As autoridades burquinenses anunciaram a inauguração, na sexta-feira, 23 de janeiro, de dois mini-datacenters destinados à administração pública. Com um custo estimado de 16 mil milhões de francos CFA (28,6 milhões de USD), esta infraestrutura insere-se na estratégia de soberania digital do país, que promove a hospedagem de dados nacionais em território burquinense.

«Este projeto constitui uma etapa intermédia rumo à construção de um Big Datacenter nacional, destinado a repatriar todos os dados digitais da administração pública e do setor privado atualmente alojados no exterior», indicou o Ministério da Transição Digital, dos Correios e das Telecomunicações num comunicado publicado no Facebook.

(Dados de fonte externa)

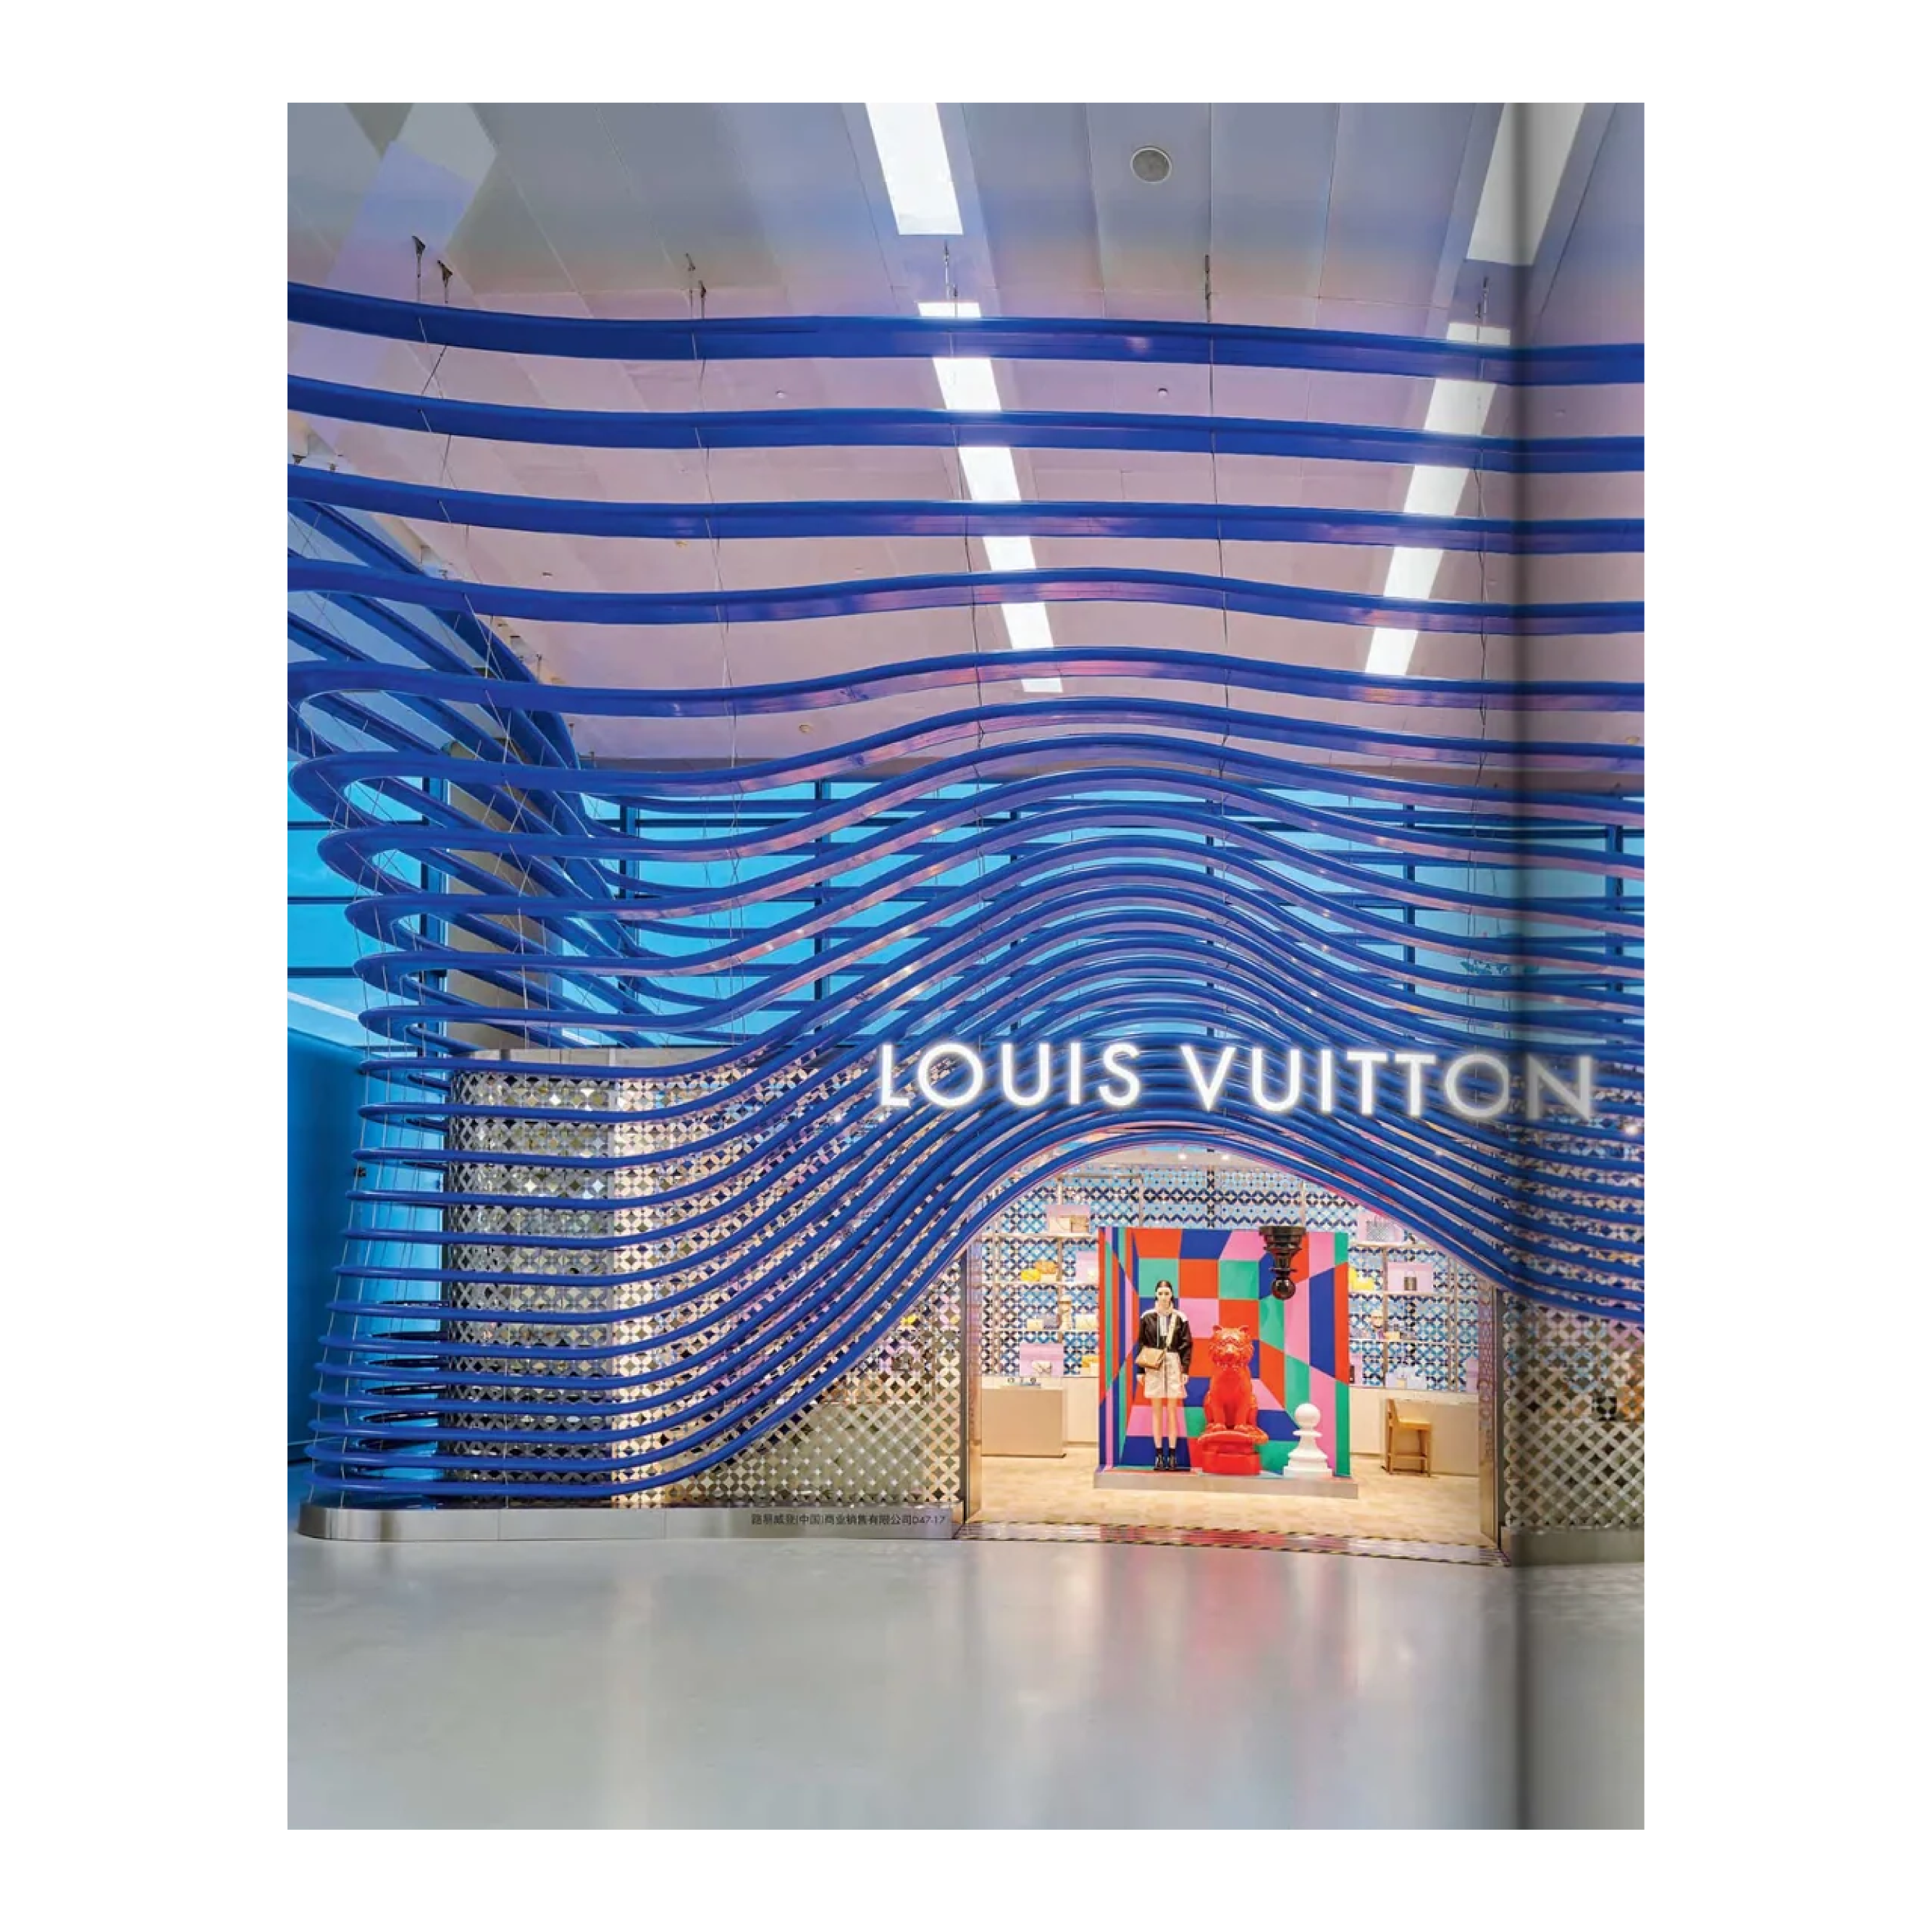 Louis Vuitton Skin: Architecture of Luxury. Singapore Cover [Book]

Segundo os dados oficiais, os dois mini-datacenters terão uma capacidade de armazenamento de cerca de 3000 terabytes, ou seja, dez vezes a capacidade existente. Poderão suportar mais de 7000 máquinas virtuais ligadas, com cada ministério podendo alojar entre 100 e 300 servidores virtuais para o desenvolvimento das suas plataformas digitais.

Esta iniciativa enquadra-se na vontade das autoridades de fazer do digital um motor de desenvolvimento socioeconómico e de posicionar o Burkina Faso como um ator de referência na integração das TIC em setores-chave como a administração pública, educação, saúde, comércio e agricultura. Alinha-se, em particular, com um dos 12 grandes projetos da transformação digital do país: o princípio do «zero dados no exterior». A longo prazo, as autoridades antecipam uma poupança de cerca de 30 mil milhões de francos CFA em cinco anos, graças à redução dos custos de alojamento no exterior.

Soberania digital em África: para além das infraestruturas

Embora o desenvolvimento de centros de dados locais constitua um avanço rumo à soberania digital, esta não se limita às infraestruturas. Segundo o Centro Africano de Estudos Estratégicos (ACSS), a pilha tecnológica inclui também aplicações, sistemas operativos, produtos de consumo e prestadores de serviços, segmentos ainda largamente dominados por atores estrangeiros.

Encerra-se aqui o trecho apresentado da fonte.